3. Appending and Region Writes

Zarr supports two patterns for incrementally adding data: append (grow a dimension) and region (write to a specific slice).

import xarray as xr
import numpy as np

# ── Append along a dimension ──
# First write: create the store
ds_initial = xr.Dataset({
    "temperature": (["time", "lat", "lon"], np.random.randn(30, 180, 360).astype("float32")),
}, coords={"time": np.arange(30), "lat": np.linspace(-89.5, 89.5, 180), "lon": np.linspace(0.5, 359.5, 360)})
ds_initial.to_zarr("timeseries.zarr", mode="w")

# Subsequent writes: append new time steps
for month in range(1, 12):
    ds_month = xr.Dataset({
        "temperature": (["time", "lat", "lon"], np.random.randn(30, 180, 360).astype("float32")),
    }, coords={"time": np.arange(month * 30, (month + 1) * 30), "lat": np.linspace(-89.5, 89.5, 180), "lon": np.linspace(0.5, 359.5, 360)})
    ds_month.to_zarr("timeseries.zarr", append_dim="time")

# ── Region writes (parallel-safe) ──
# Pre-allocate the full store
ds_full = xr.Dataset({
    "temperature": (["time", "lat", "lon"], np.full((365, 180, 360), np.nan, dtype="float32")),
}, coords={"time": np.arange(365), "lat": np.linspace(-89.5, 89.5, 180), "lon": np.linspace(0.5, 359.5, 360)})
ds_full.to_zarr("parallel_output.zarr", mode="w", compute=False)
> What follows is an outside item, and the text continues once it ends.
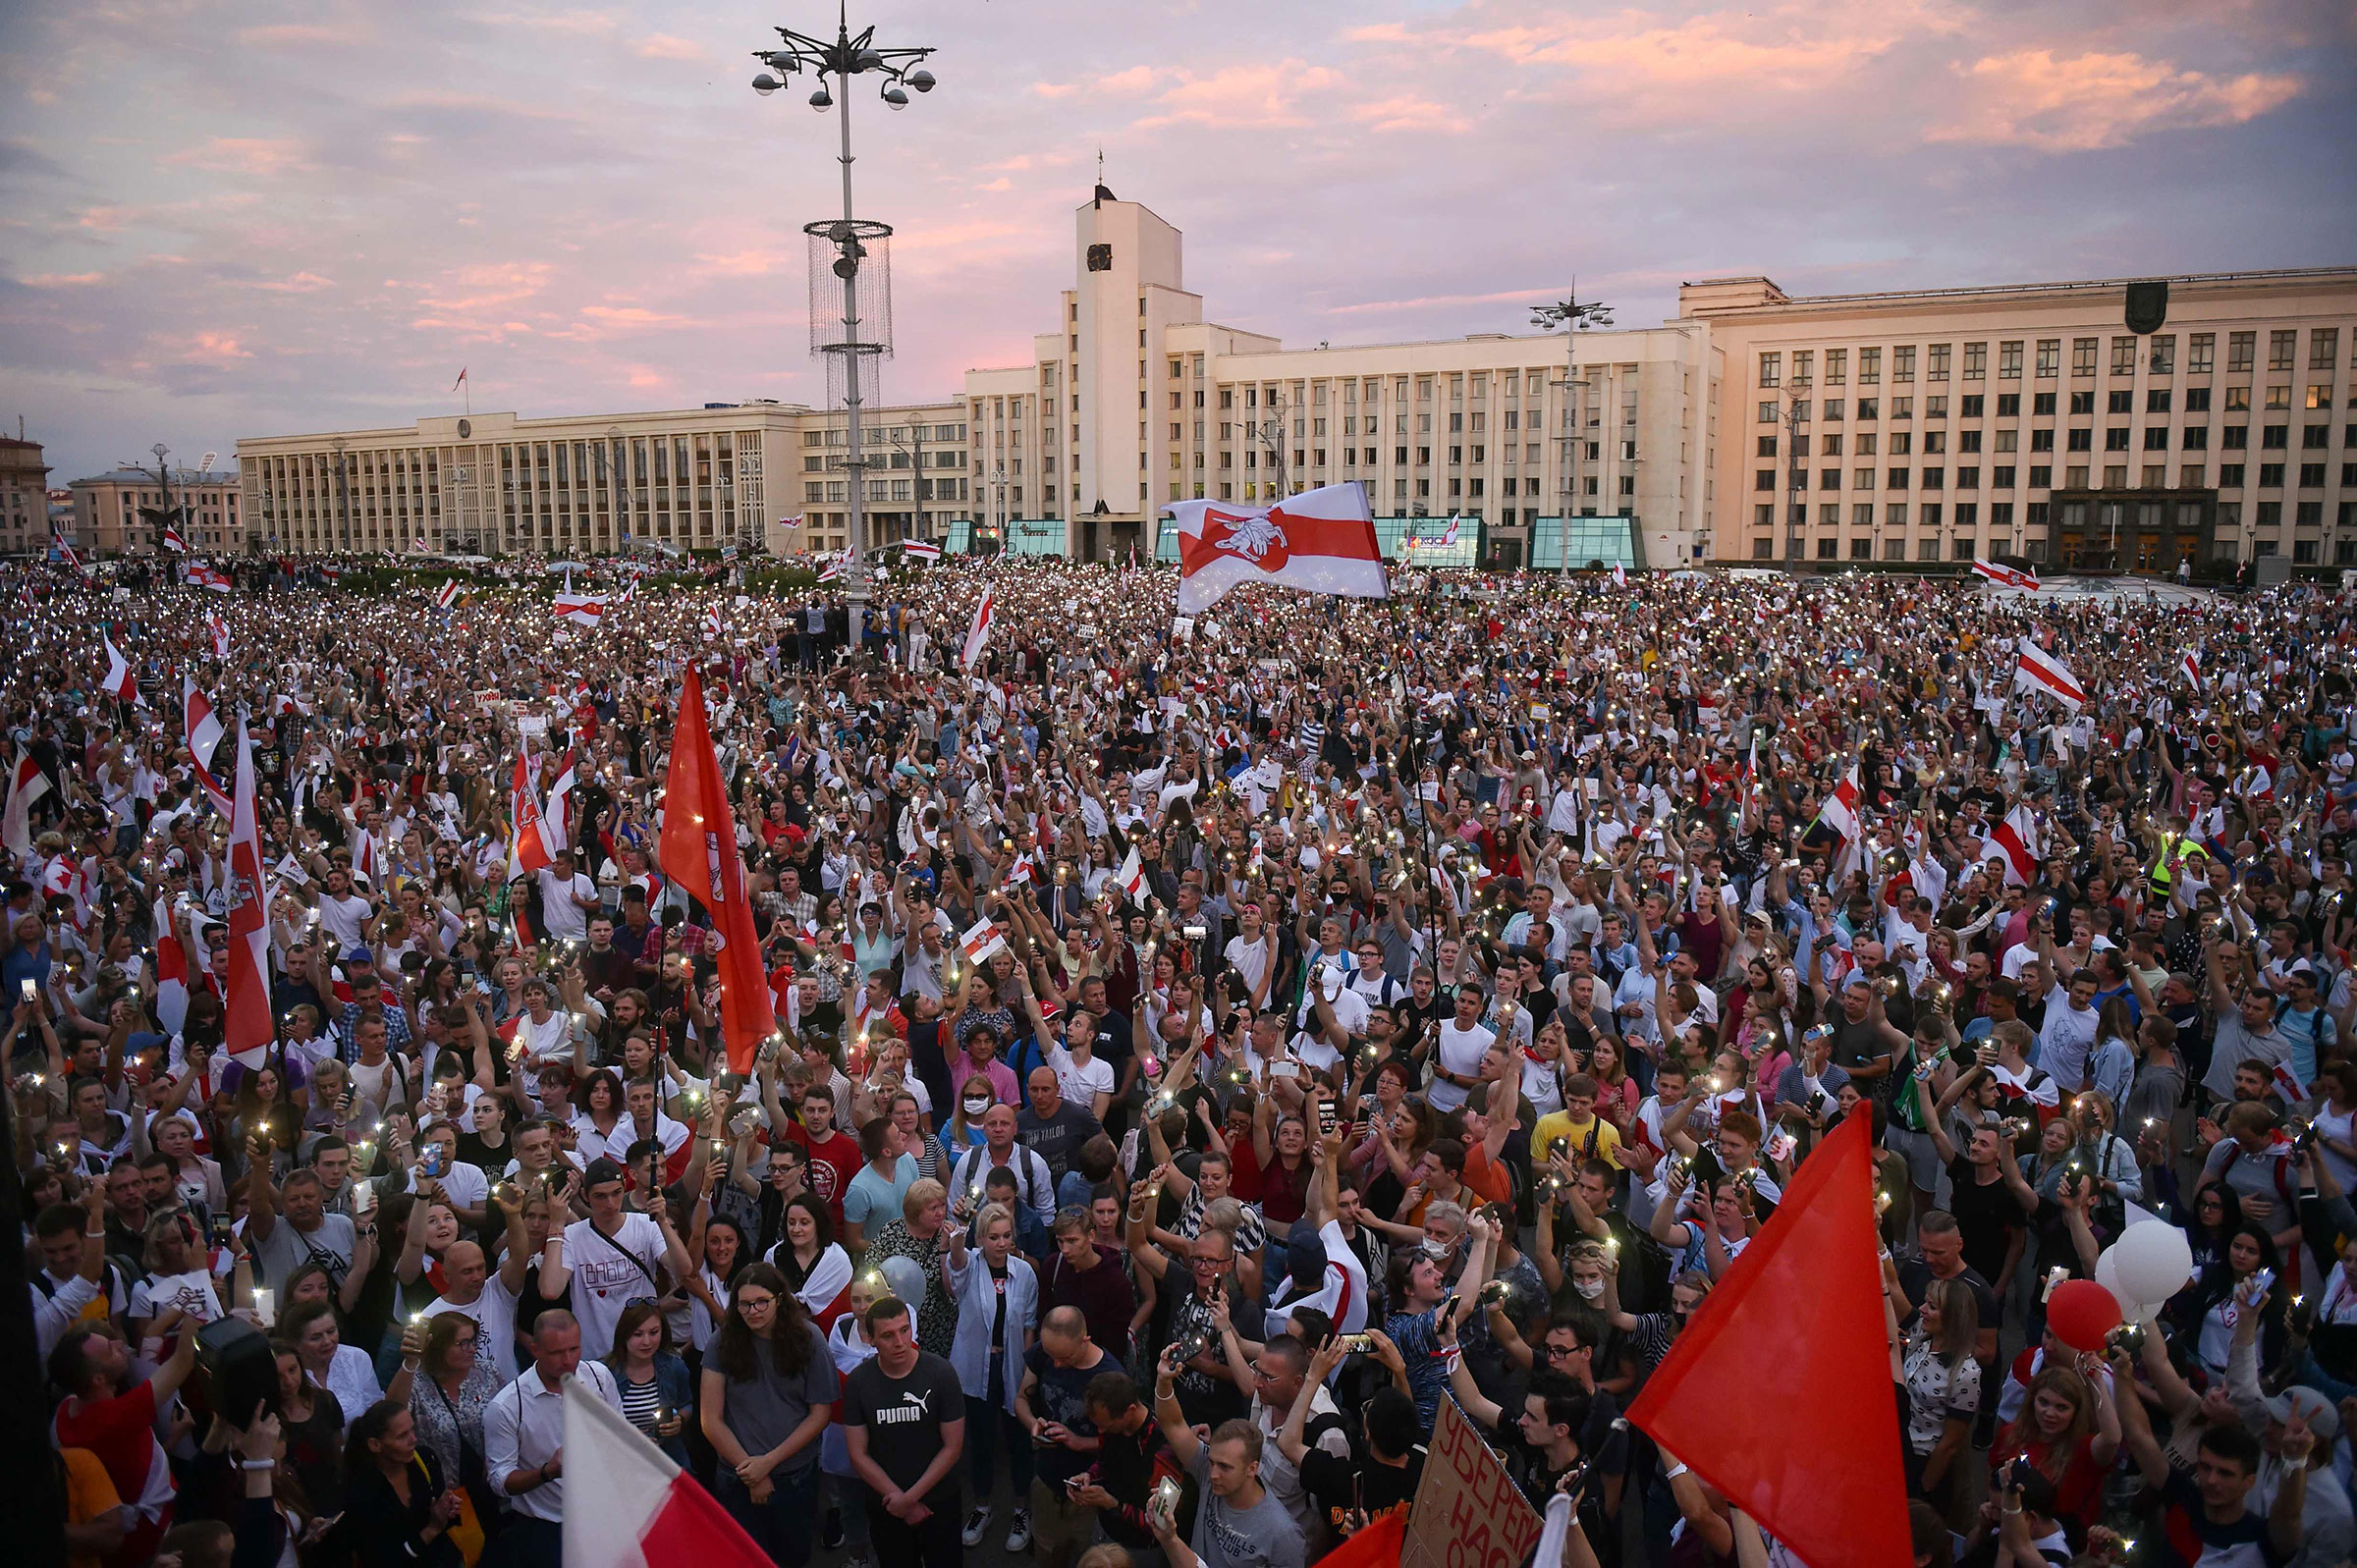 Opposition supporters protest against disputed presidential elections results at Independence Square in Minsk on Aug. 18, 2020. (Sergei Gapon—AFP/Getty Images)

# Each worker writes its own region
def write_region(day_start, day_end):
    data = np.random.randn(day_end - day_start, 180, 360).astype("float32")
    ds_chunk = xr.Dataset({
        "temperature": (["time", "lat", "lon"], data),
    }, coords={
        "time": np.arange(day_start, day_end),
        "lat": np.linspace(-89.5, 89.5, 180),
        "lon": np.linspace(0.5, 359.5, 360),
    })
    ds_chunk.to_zarr("parallel_output.zarr", region={"time": slice(day_start, day_end)})
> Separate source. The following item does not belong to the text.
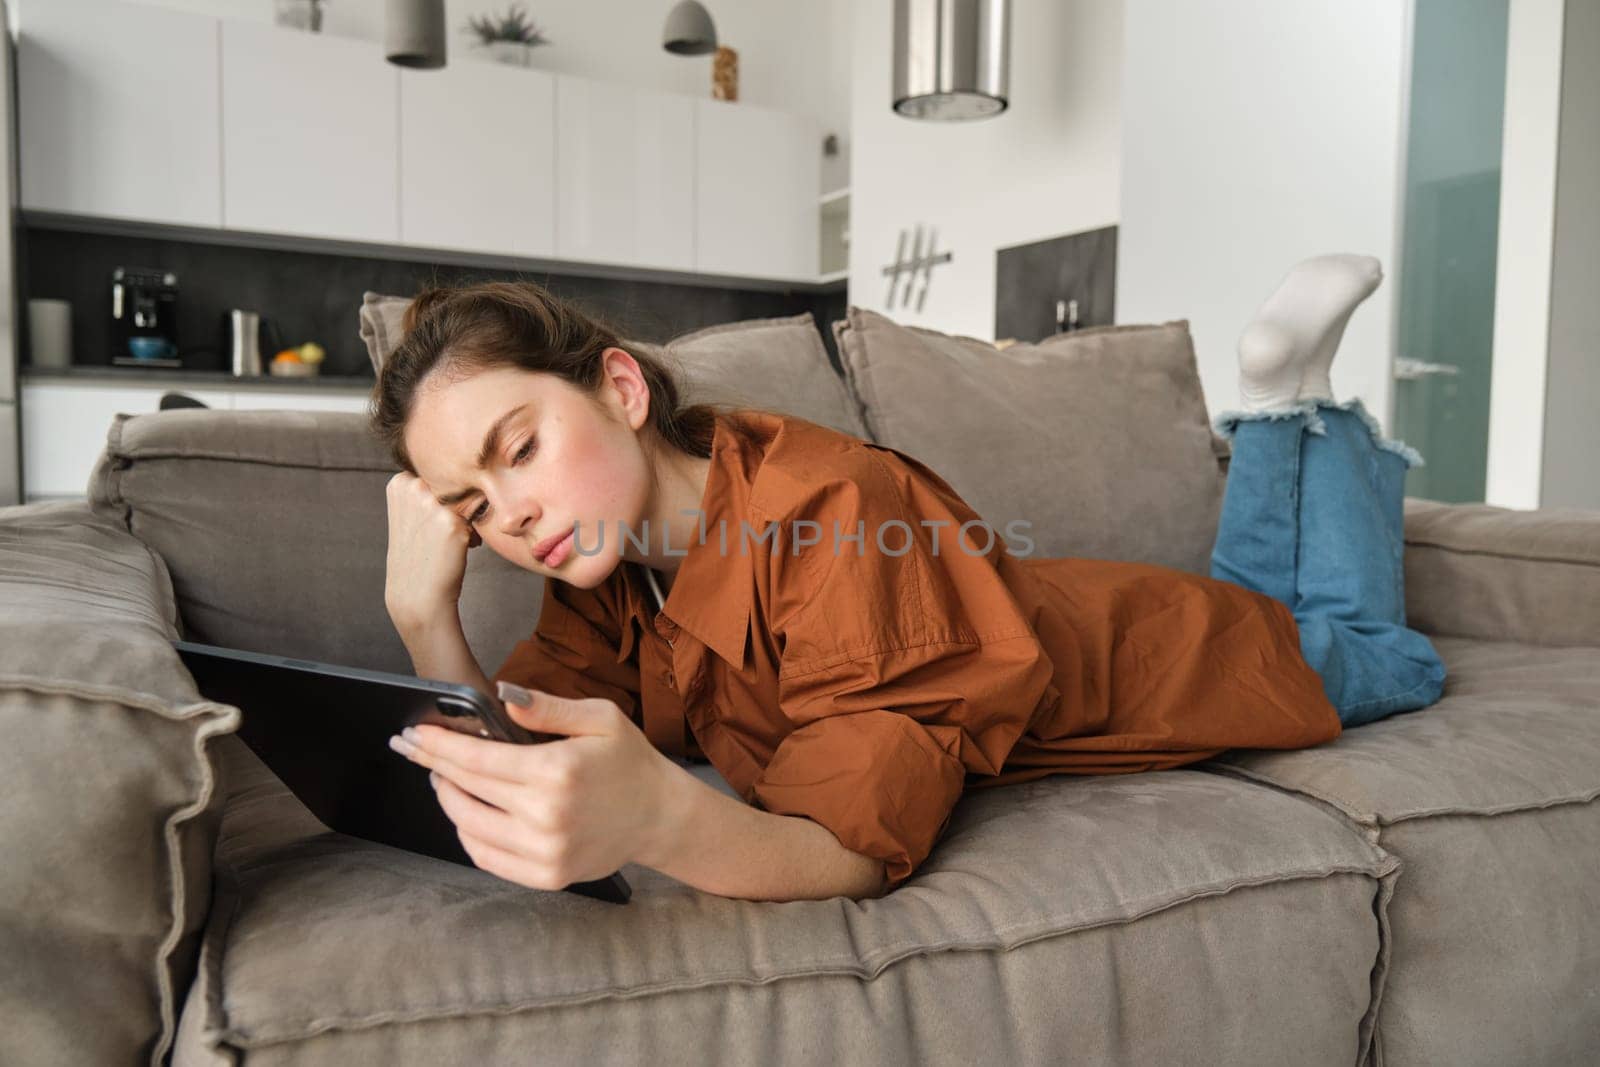 Portrait of woman with sad face, lying on couch at home, resting in living room with digital tablet, frowning and looking frustrated.

# Safe for concurrent writes from multiple workers
write_region(0, 30)
write_region(30, 60)

4. Multi-File Virtual Datasets

Combine multiple files into a single virtual Zarr store without copying data.

import xarray as xr

# ── open_mfdataset with Zarr files ──
ds = xr.open_mfdataset(
    ["year_2020.zarr", "year_2021.zarr", "year_2022.zarr"],
    engine="zarr",
    concat_dim="time",
    combine="nested",
    chunks={"time": 365},
)

# ── VirtualiZarr for reference-based access ──
# Creates virtual references to existing files (no data copy)
from virtualizarr import open_virtual_dataset

vds_list = []
for path in ["data_2020.nc", "data_2021.nc", "data_2022.nc"]:
    vds = open_virtual_dataset(path)
    vds_list.append(vds)

combined = xr.concat(vds_list, dim="time")
combined.virtualize.to_zarr("combined_refs.zarr")  # write virtual store

5. Dask Chunk Alignment

Dask chunks must align with Zarr chunks for optimal performance. Misaligned chunks cause redundant reads and wasted memory.

import xarray as xr

# ── Check current Zarr chunk sizes ──
ds = xr.open_zarr("data.zarr", chunks={})  # use Zarr's native chunks
for var in ds.data_vars:
    encoding = ds[var].encoding
    print(f"{var}: Zarr chunks = {encoding.get('chunks')}")
    print(f"{var}: Dask chunks = {ds[var].data.chunksize}")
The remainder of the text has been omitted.